Ainsi, dupe ou porté par un élan anagogique, Alain Finkielkraut se plaît souvent à évoquer Heidegger. Lors de l’émission Répliques du 26 octobre 2024 consacrée à “La folie mathématique” (11), il ne résista pas à cette démangeaison, mentionnant le discours que ce dernier prononça en 1955 à Messkirch lors de fêtes commémoratives en l'honneur du compositeur Conradin Kreutzer. Rappelant la distinction entre la pensée calculante et la pensée méditante que Heidegger y opère, il tenta d’opposer à la science la légitimité d’une pensée philosophiquement prééminente, ce qui laissa ses interlocuteurs - Étienne Klein et Olivier Rey - parfaitement impavides. Le discours de Messkirch, publié sous le titre Sérénité mérite l’attention, ne serait-ce que pour ceci qui prolonge l’éloge de la pensée méditante :
« Or c’est cette seconde pensée que nous avons en vue lorsque nous disons que l’homme est en fuite devant la pensée. Malheureusement, objectera-t-on, la pure méditation ne s’aperçoit pas qu’elle flotte au-dessus de la réalité, qu’elle n’a plus de contact avec le sol. Elle ne sert à rien dans l’expédition des affaires courantes. Elle n’aide en rien aux réalisations d’ordre pratique.
Et l’on ajoute, pour terminer, que la pure et simple méditation, que la pensée lente et patiente est trop “haute” pour l’entendement ordinaire. De cette excuse il n’y a qu’une chose à retenir, c’est qu’une pensée méditante est, aussi peu que la pensée calculante, un phénomène spontané. La pensée qui médite exige parfois un grand effort et requiert toujours un long entraînement. Elle réclame des soins encore plus délicats que tout autre authentique métier. Elle doit aussi, comme le paysan, savoir attendre que le grain germe et que l’épi mûrisse. » (12)
Il y a là - selon moi - l’aveu d’un abandon mûri de la rationalité, dans la mesure où le produit de la méditation ainsi vantée n’est fondé que sur la hauteur et la complexité de la démarche visant à l’atteindre. Et il y a aussi, bien sûr, le lien établi adroitement avec le paysan, assurément le moins réputé méditant de tous, mais le plus symboliquement fondateur de l’identité dont Heidegger se réclame.

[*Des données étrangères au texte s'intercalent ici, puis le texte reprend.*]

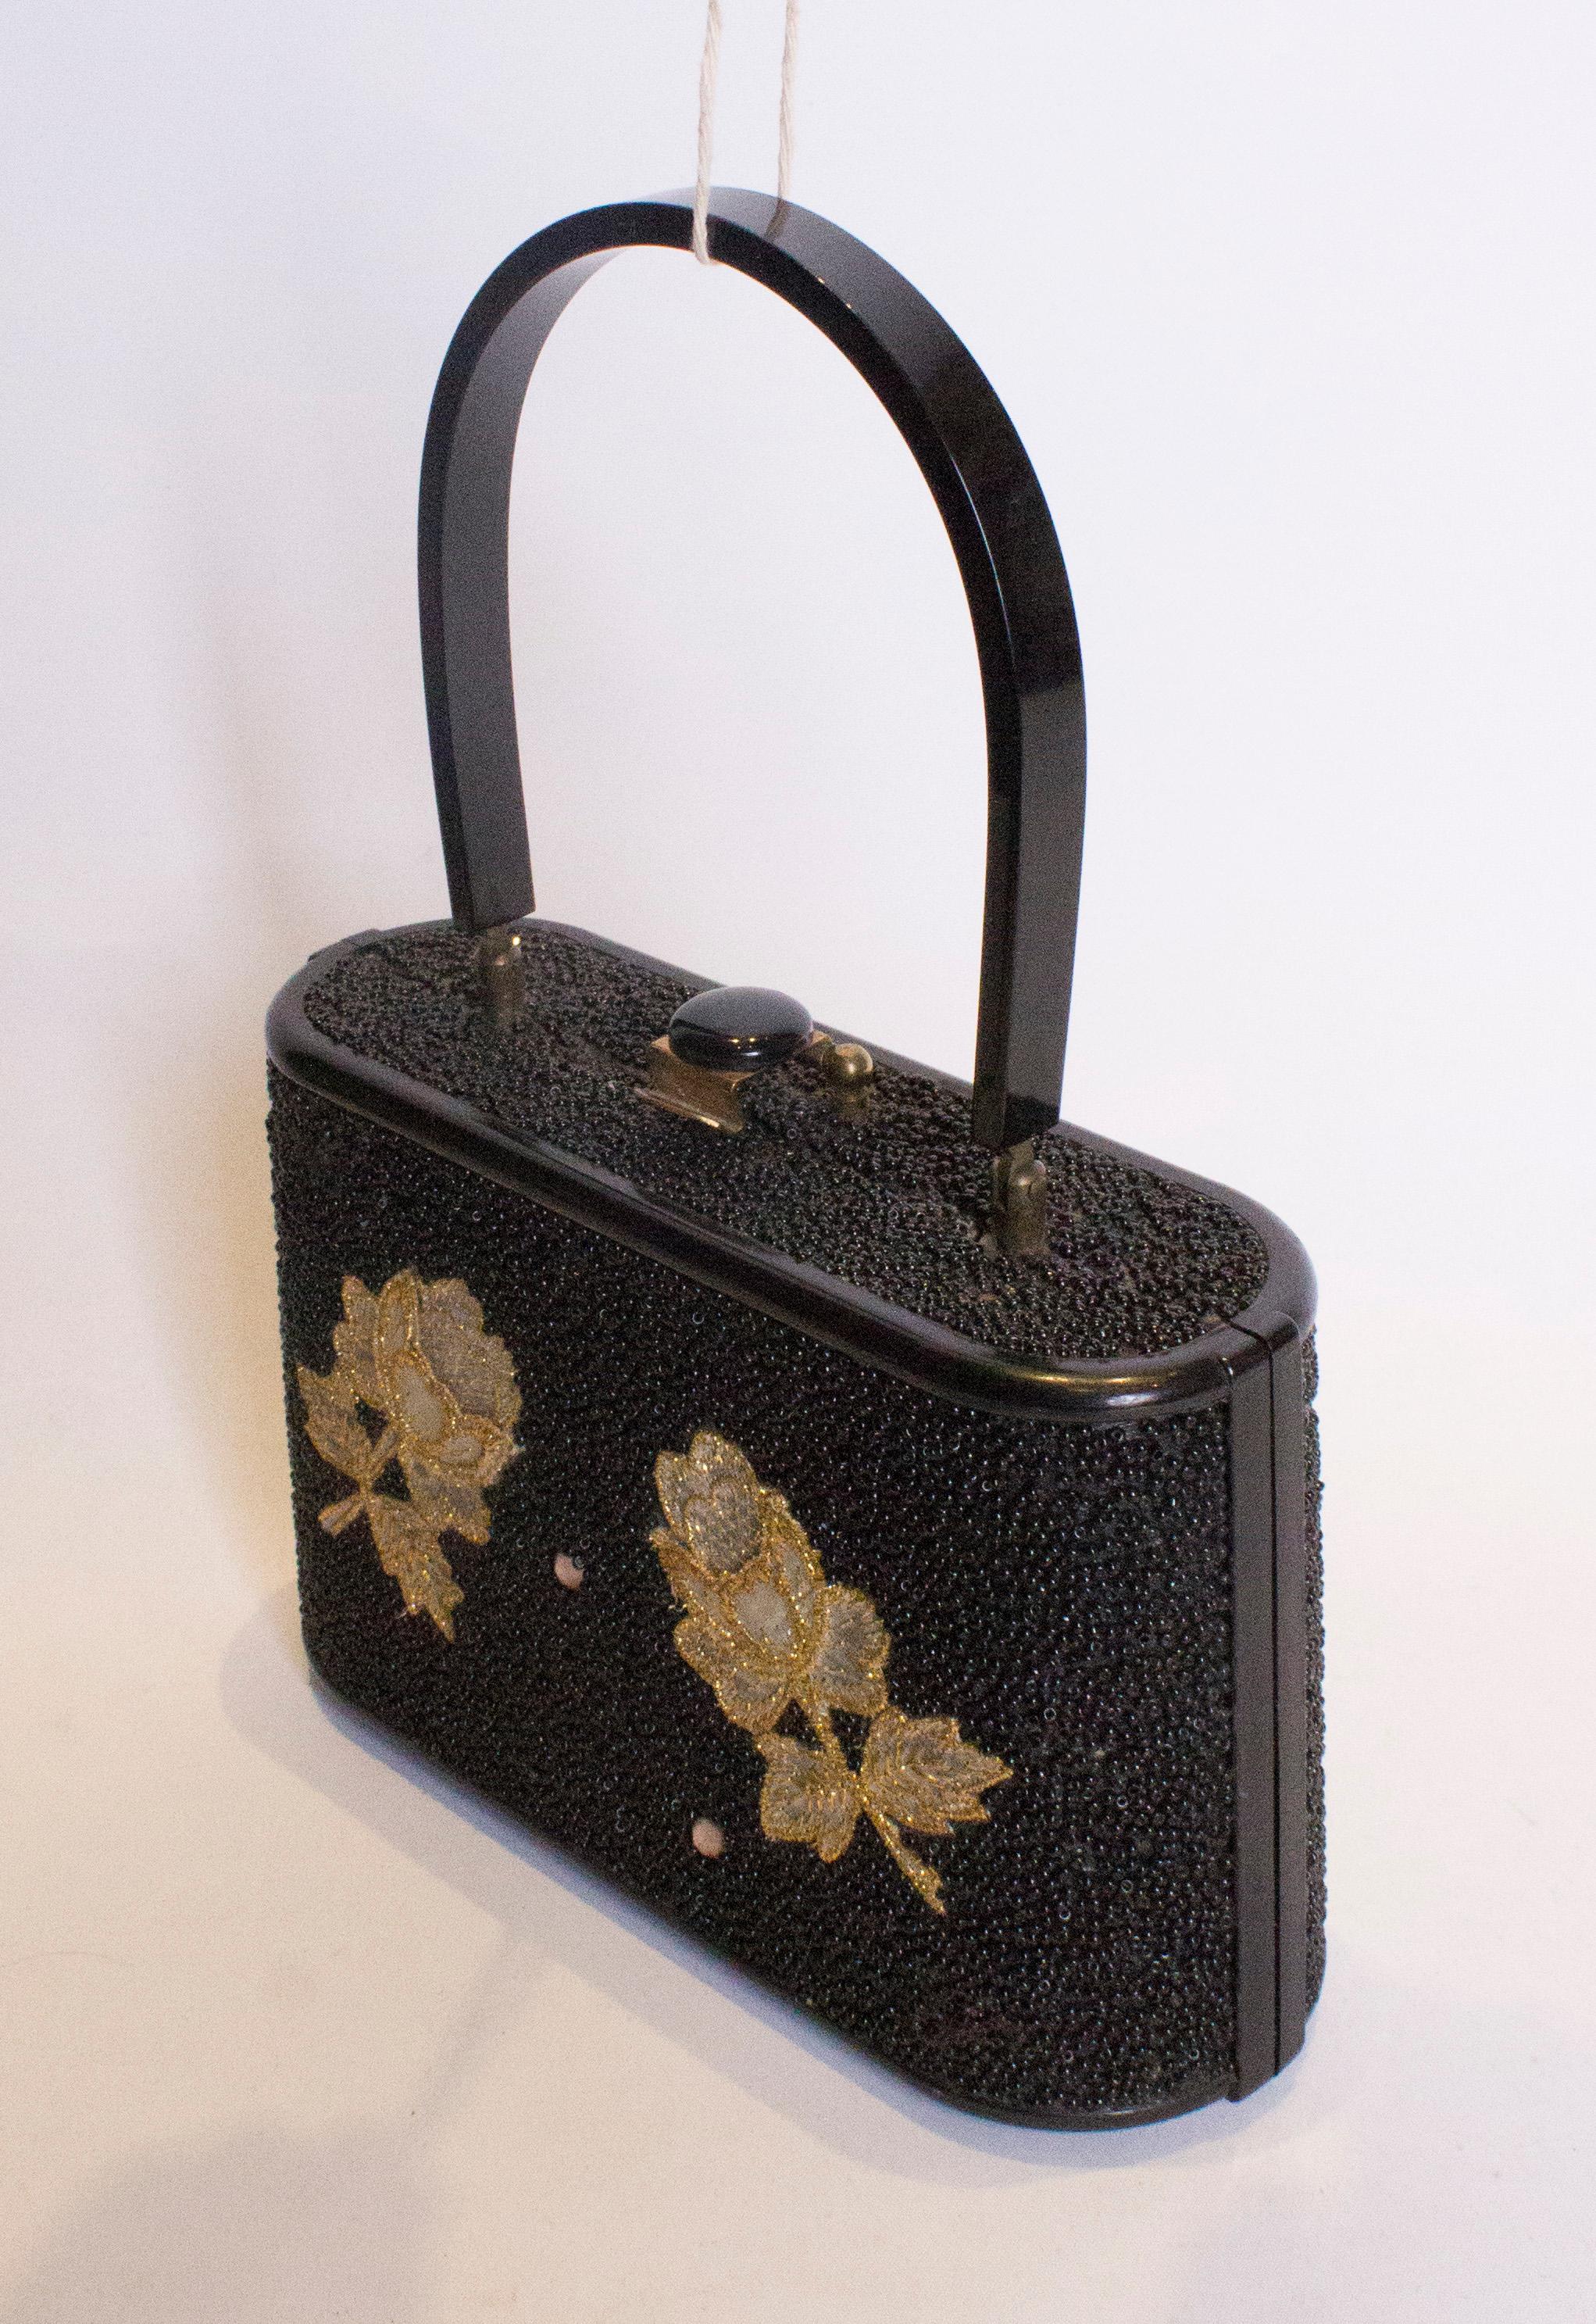 A stunning beaded bag with floral fabric decoration.The bag has a top handle and central top opening.
Measurements: width 9'', height 5 1/4'' , depth 3''

Lorsque je parle d’abandon mûri de la rationalité, je veux dire que le terrain de réflexion choisi ne permet pas d’espérer des aboutissements rationnellement confirmables, même si le cours de la pensée méditante en cause peut évidemment s’appuyer sur des arguments rationnels. C’est la caractéristique de toute mystique de suggérer une croyance sans support raisonné, mais d’être néanmoins défendue quelquefois par des arguments rationnels. Ai-je besoin de préciser que la raison mise en pareil cas au service d’une conviction irrationnelle corrompt l’entendement bien davantage qu’elle ne l’éclaire ?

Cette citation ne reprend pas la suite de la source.